Kein Wunder, dass ihr der Umzug in das mittlerweile selbst etwas in die Jahre gekommene Elefantenhaus 1968 gar nicht schmeckte. "Elefanten sind sehr konservativ", sagt Scholl. Und Vilja sei zudem ein "ganz schöner Dickkopf". Die Dame legte damals die Vierbeinbremse ein, und konnte nur mit Hilfe von zwei Lastwagen in ihr neues Zuhause gezogen werden. Hier fühlt sie sich aber mittlerweile sehr wohl. Zusammen mit ihrer Elefantenfreundin Zella und zwei weiteren schwergewichtigen Asiatinnen verlebt sie ihre Tage. Zu ihren Hobbys gehören das Baden mit Warmwasser aus dem Schlauch, den sie gern selbst im Rüssel hält, und natürlich das Naschen von Äpfeln.
Außerdem futtert sie mit Wonne ihre Spezialnahrung, die eigentlich ein recht kostspieliges Futter für alte Pferde ist. "Der Grabensturz war im Grunde ein Glück im Unglück", erzählt der Pfleger. Weil Vilja damals vorübergehend einzeln gehalten werden musste, fiel auf, dass sie das normale Heu nicht mehr richtig verwerten konnte. Mit dem "Senioren-Müsli" nahm sie sofort ein paar Kilo zu. Für ihr Alter, das fast 100 Menschenjahren entspricht, ist die Grand Dame der Wilhelma noch ganz rüstig. Ein bisschen Arthrose plagt sie, ein Knie ist etwas steif. Auch deshalb schläft sie inzwischen lieber im Stehen. Hin und wieder braucht sie eine Pediküre, damit die Nägel nicht zu lang werden. Davon abgesehen wirkt sie recht fit.

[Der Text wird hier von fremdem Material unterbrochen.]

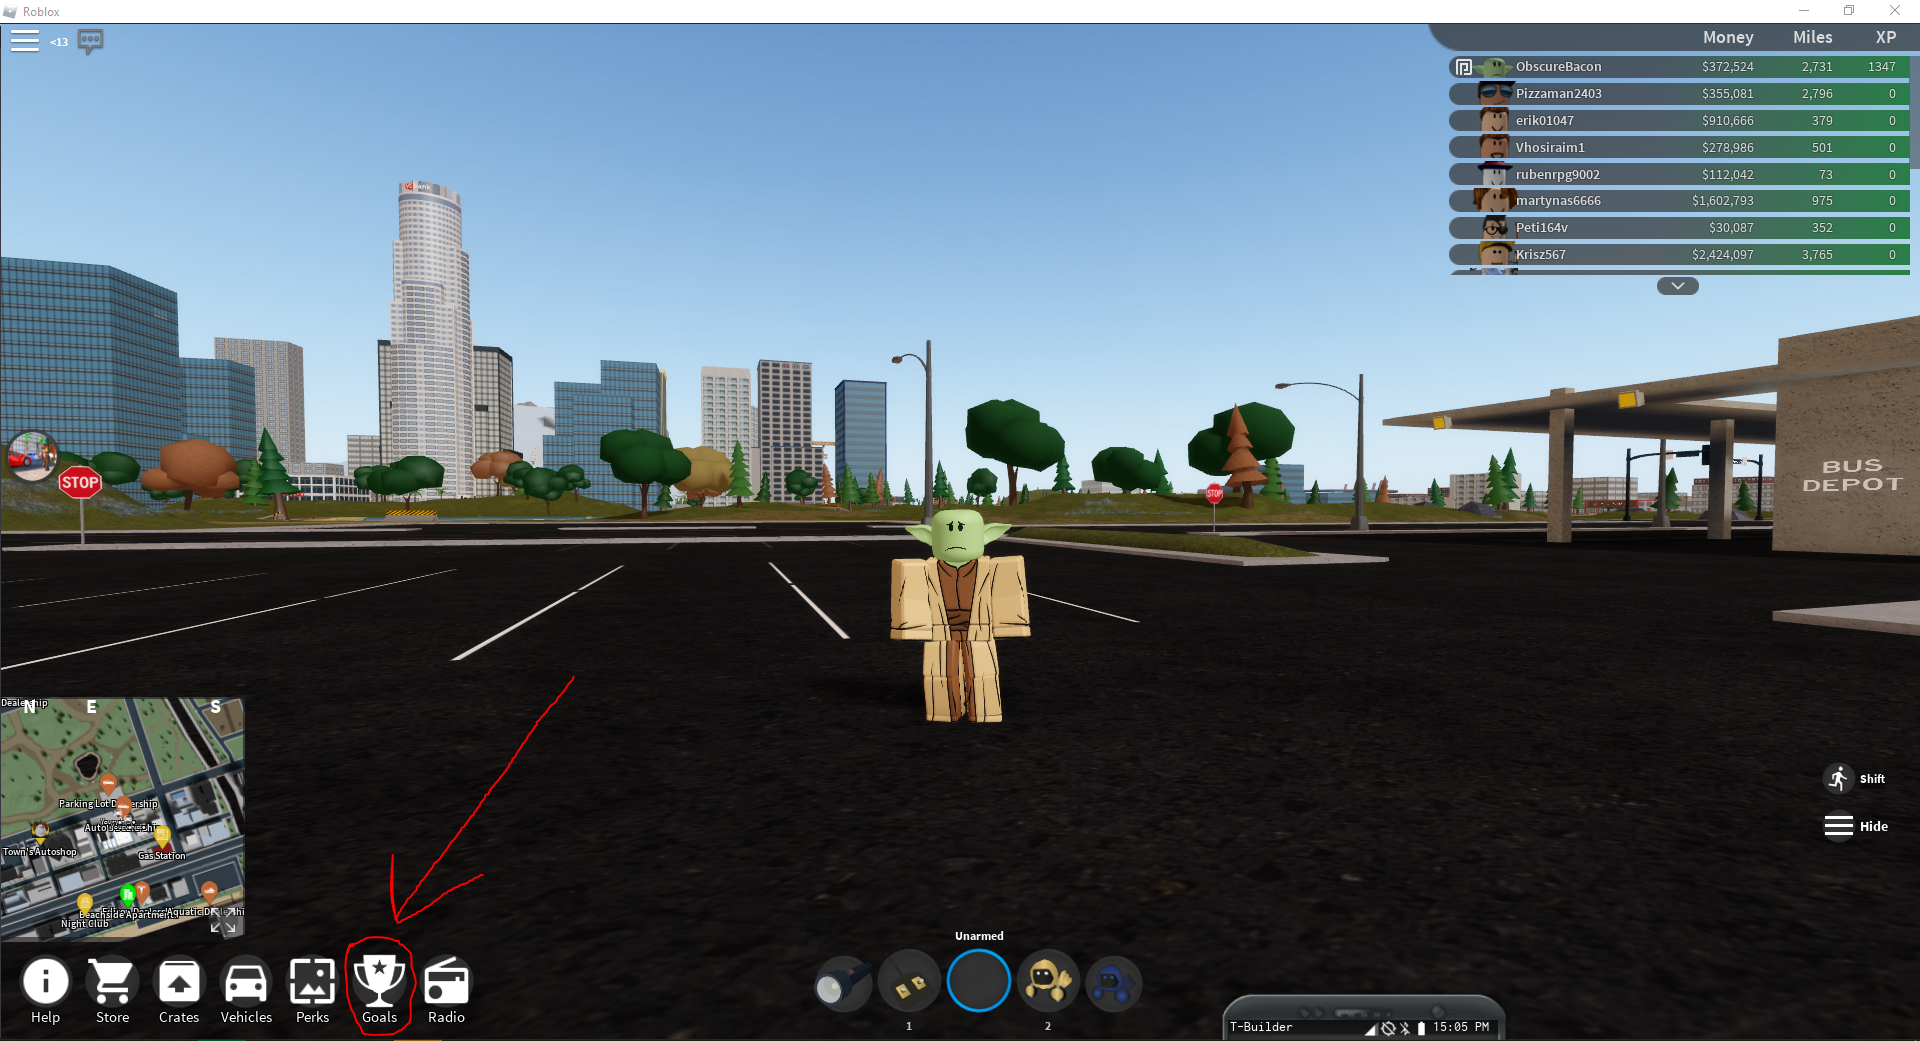 Roblox Bunker Hill Badges Goals Achivements Roblox Vehicle Simulator Wiki Fandom

Und doch sind die Tage der Seniorin, die in der freien Wildbahn schon vor zehn Jahren kaum noch eine Überlebenschance gehabt hätte, bereits gezählt. Denn Vilja kaut auf ihrem letzten Satz Zähne, und der ist schon glattgeschmirgelt. Versagen die Beißer eines Tages ganz den Dienst, dann geht nichts mehr. "Es ist beschlossen, dass es keine lebensverlängernden Maßnahmen geben wird. Vilja soll in Würde und ohne lange zu leiden sterben können. Am liebsten wäre es mir, wenn sie einfach plötzlich stirbt", betont Scholl.
Bis dahin freuen sich er und die anderen Pfleger an ihrer pfiffigen alten Dame. "Wir haben schon eine ganze Menge zu lachen mit ihr."